You should write functions to prepare the data:
- This makes it reproducible (you can even use it in a live system)
- This allows you to build a library of functions for the future
- Makes it easier to try different combinations of functions

Separate predictors and targets - don't always want to apply same transformations to both

### Data Cleaning

Generally need to resolve missing values either by:
- Removing samples
- Removing feature
- 'Imputing' missing values (e.g. using the median)

*Note:* Whatever you do will need to be replicated on the test set and in production

**SimpleImputer**: Scikit-Learn class to fill missing values
- `from sklearn.impute import SimpleImputer`
- `strategy`: options are mean, median, most_frequent, or constant
- For mean and median, data must be numeric
- Good idea to impute for all features that may be missing values in production, even if not missing in training set

Scikit-Learn also has (experimental) *multivariate* feature imputation, which fills values using other features, and nearest neighbours imputation.

**Multiple Imputation:** In statistics it's common to perform to try multiple imputations and use cross-validation at the end of the pipeline to understand the consequences of different strategies.

### Handling Text and Categorical Attributes <a name="handlingcategorical"></a>

ML algorithms generally need numbers so we need to convert categories to numerical form via *encoding*.

**Ordinal Encoding:** Enumerate different categories
- `from sklearn.preprocessing import OrdinalEncoder`
- This implicitly gives an ordering and measure of similarity to the categories

**One-hot Encoding:** Assigns each category a new binary feature
- Or *dummy* encoding or *one-of-K* encoding
- `from sklearn.preprocessing import OneHotEncoder`
- Output is a SciPy *sparse matrix* which just holds position of '1' in each row - use `toarray()` to convert
- Treats missing values as a separate category (Q: could you use mean imputer after encoding?)
- To avoid colinearity, use `drop='first'` to encode in `n_categories - 1`. Use `drop=if_binary` to encode e.g. male/female as single binary

One-hot encoding may be unwise for large number of categories (for performance reasons).
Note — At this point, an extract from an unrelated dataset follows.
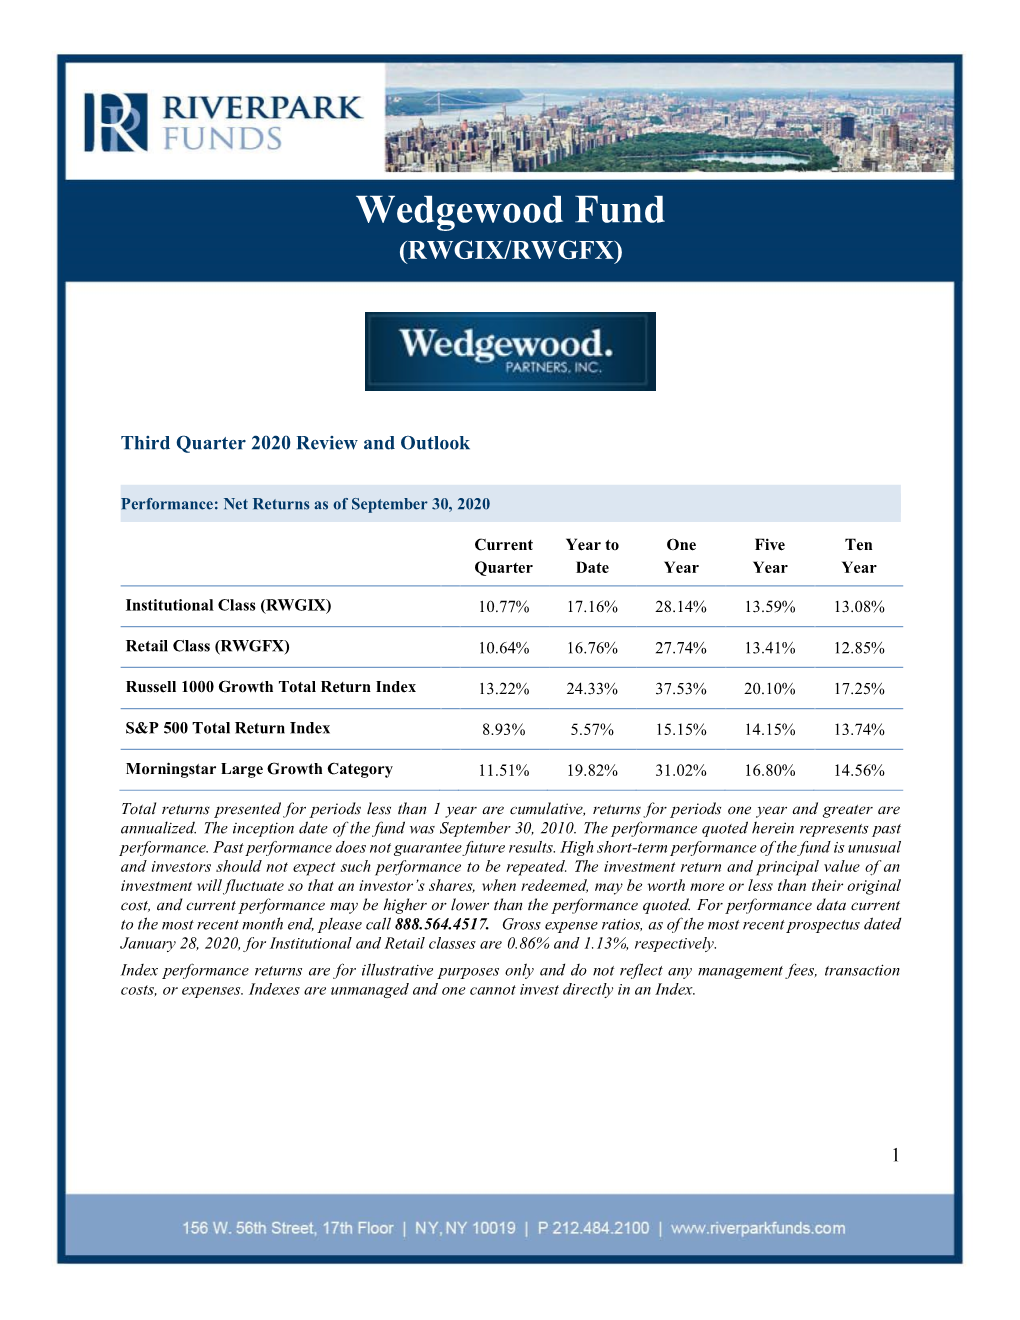 Wedgewood Fund (RWGIX/RWGFX)

Possible solution is to use proxy features (e.g. population and GDP in place of country code). Another is to use a low-dimensional embedding learned during training (see *representation learning*).

### Custom Transformers  <a name="customtransformers"></a>

- You should turn custom data cleaning into transformers so they'll integrate with Scikit-Learn
- Need a class with 3 method: `fit()` (returning `self`), `transform()`, and `fit_transform()`
- Set `TransformerMixin` as a base class to get `fit_transform()` for free
- Set `BaseEstimator` as a base class to get `get_params()` and `set_params()` methods (can't have `*args` and `*kwargs` in `__init__` constructor)
- *Advice:* Add hyperparameters to 'gate' data preparation steps (e.g. adding a new feature) so you can turn them on and off

### Feature Scaling <a name="featurescaling"></a>

- ML algorithms generally don't perform well when inputs have very different scales
- Scaling output values is generally not required

**Min-max Scaling:** Linear scaling to [0, 1] range
- Also called *normalisation*
- `from sklearn.preprocessing import MinMaxScaler`
- Very sensitive to outliers
- *Q:* Is it a problem that unseen data may not fit in the [0, 1] range?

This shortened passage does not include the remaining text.